Таким образом, пропасть между специалистами по данным и разработчиками становилась все шире. К изумлению первых, методики объектного моделирования, в частности касающиеся Unified Modeling Language (UML), оказались значительно надежнее, чем методики моделирования данных и, безусловно, представляют собой суперинструментарий для моделирования данных [3]. Объектный подход вытеснил подход данных, поскольку он охватывает значительно более широкий круг вопросов, относящихся к разработке, поддержке и функционированию систем. Фактически концептуальное дублирование было настолько значительным, что многие специалисты по данным ошибочно полагали, что диаграммы классов были просто моделями данных, в которые добавлены операции. Но сложность моделирования поведения требует большего, чем одни только диаграммы классов; отсюда и изобилие моделей, описанных с помощью UML. Более того, из-за сложности современных систем становится понятно, что сосредоточенность только на данных слишком сужает стратегию.

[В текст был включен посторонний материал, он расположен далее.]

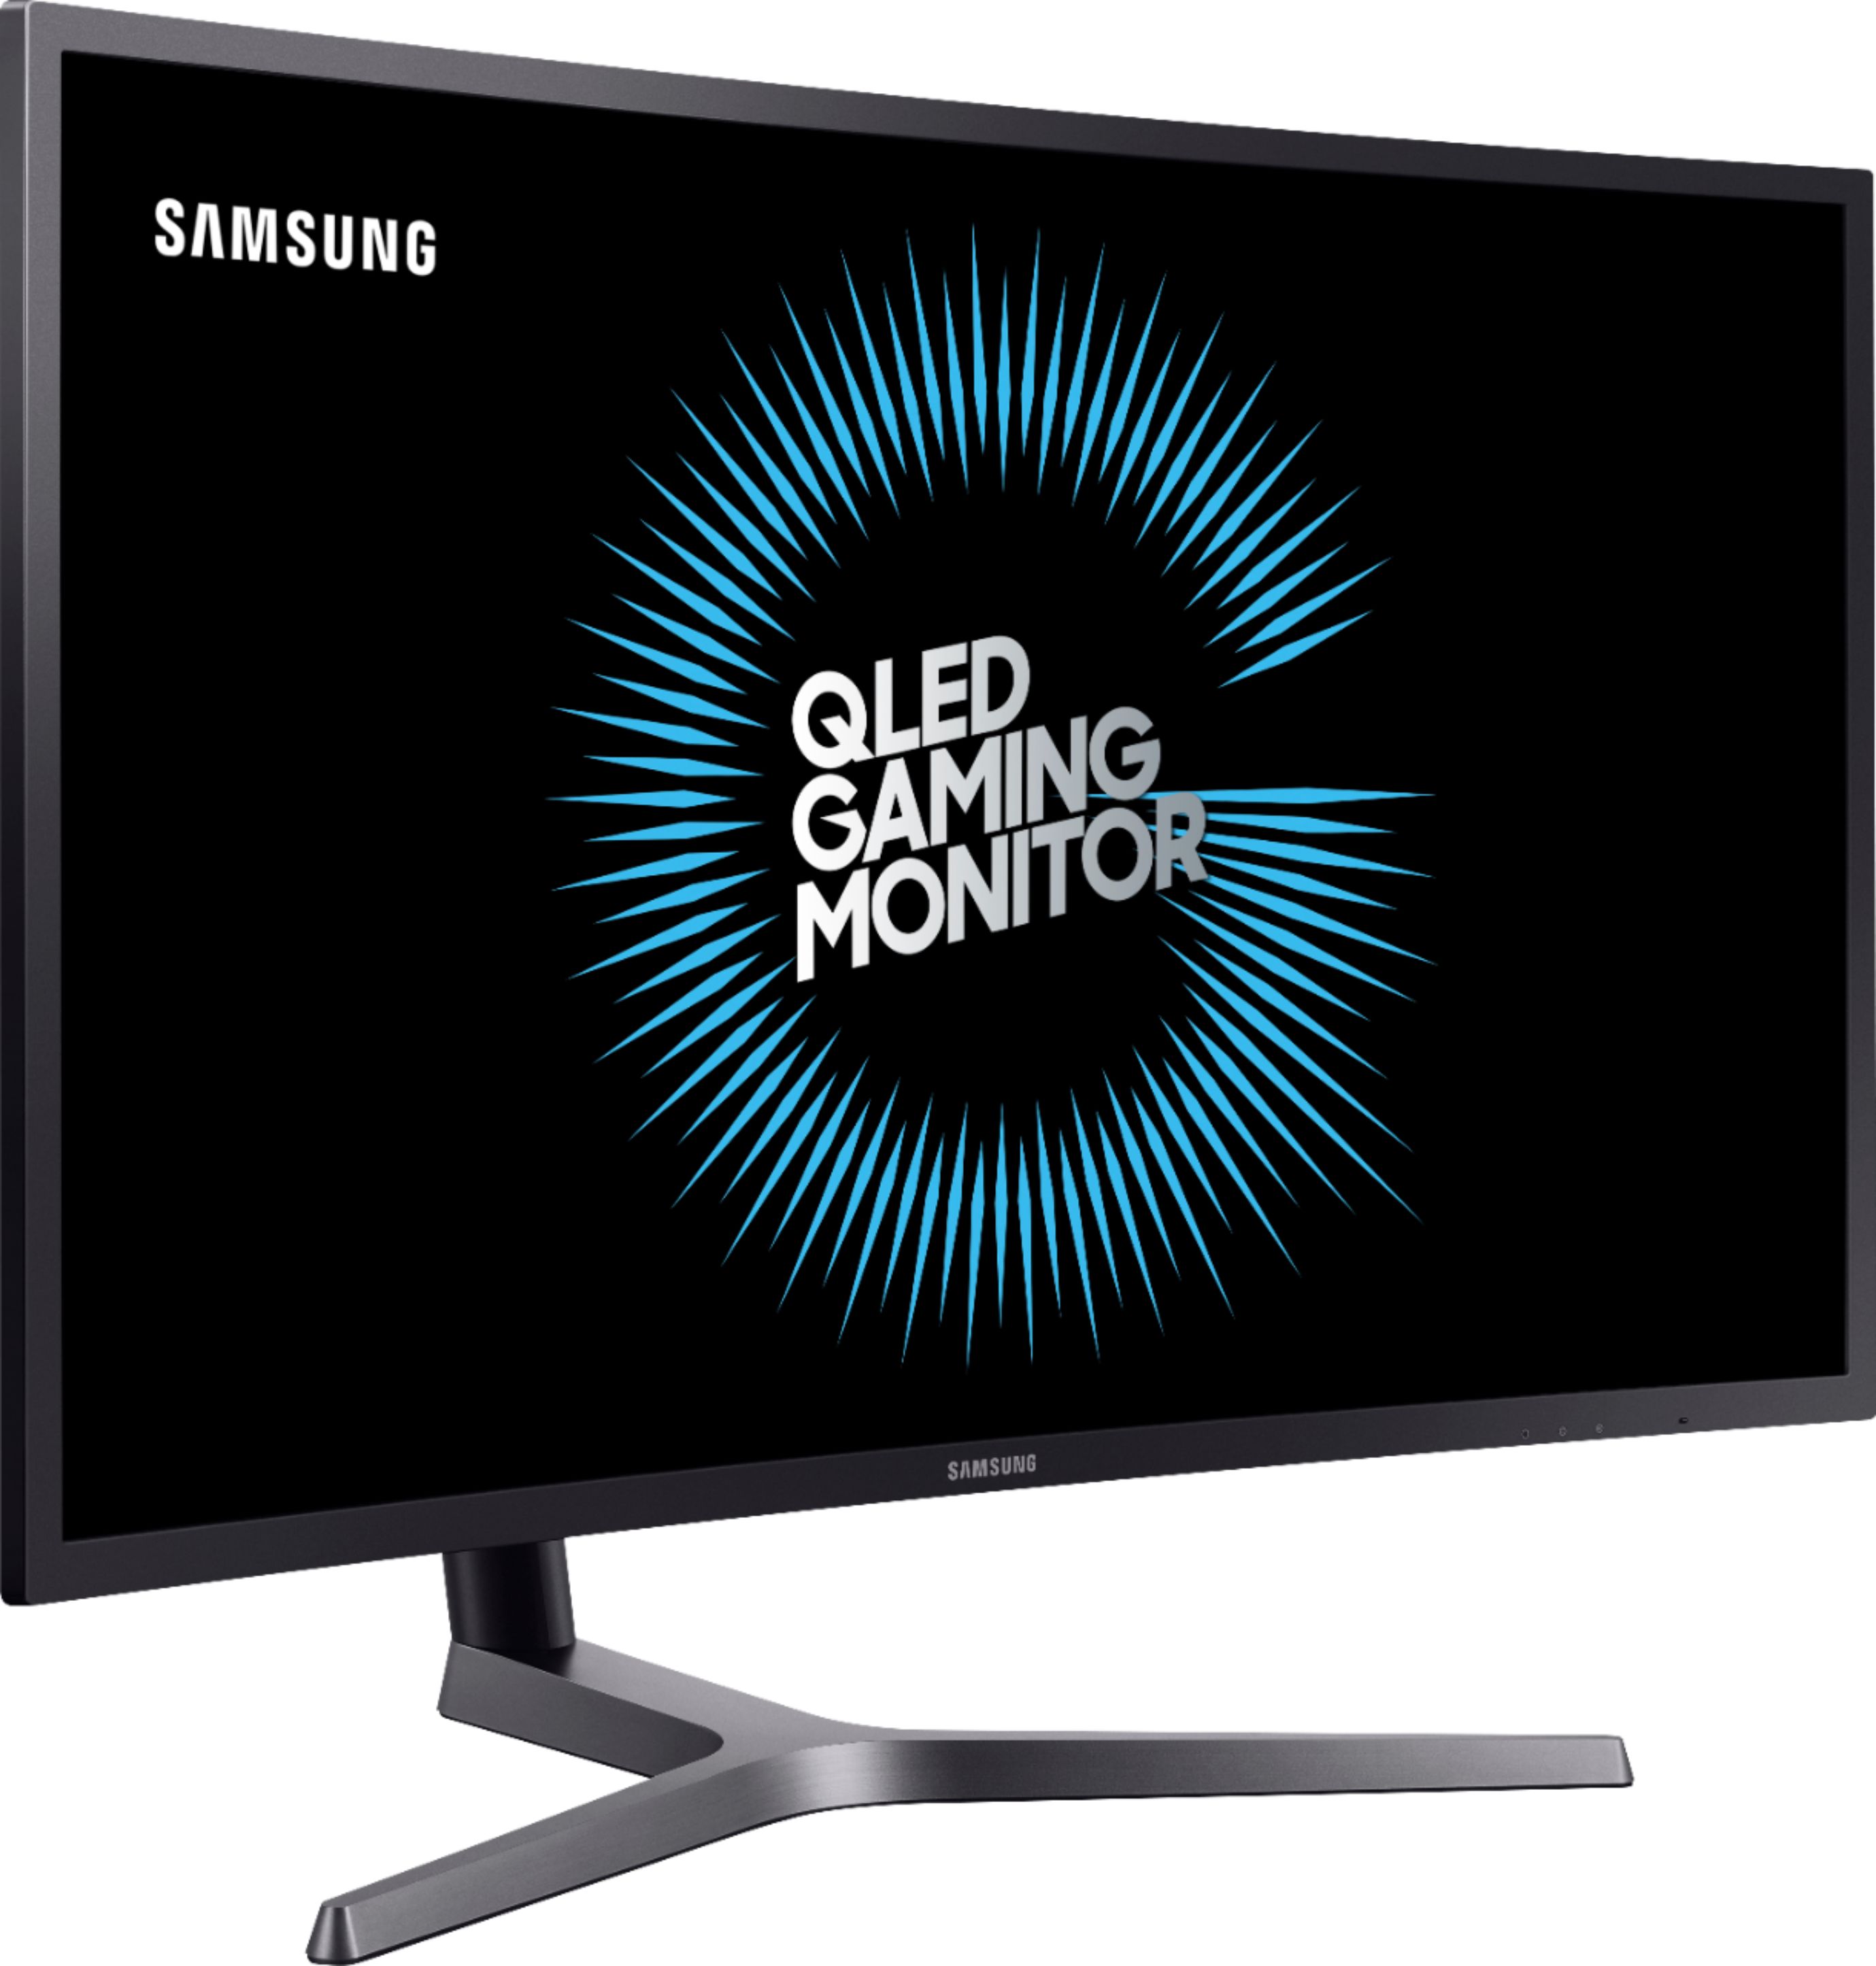 Angle View: Samsung - Geek Squad Certified Refurbished 32" LED Curved QHD FreeSync Monitor with HDR - Matte Dark Blue/Gray

Как устранить культурные разногласия

Культурные разногласия проявляются в трудностях, с которыми сталкиваются разработчики объектов и специалисты по данным, когда им приходится работать вместе. Это также проявляется и в приводящих к конфликту политиках в двух сообществах, который сказывается как внутри организаций ИТ, так и в самой отрасли ИТ. Например, как показали результаты опроса, посвященного управлению данными и проведенного в июле 2006 года, 66% респондентов подтверждают, что группы разработчиков иногда действуют в обход групп управления данными (рис. 2). В какой-то мере проблема, по-видимому, связана с разработчиками, поскольку 8% из них не знают о том, что такие группы по данным вообще существуют. К счастью, обучение и эффективное управление разработкой могут исправить эту ситуацию.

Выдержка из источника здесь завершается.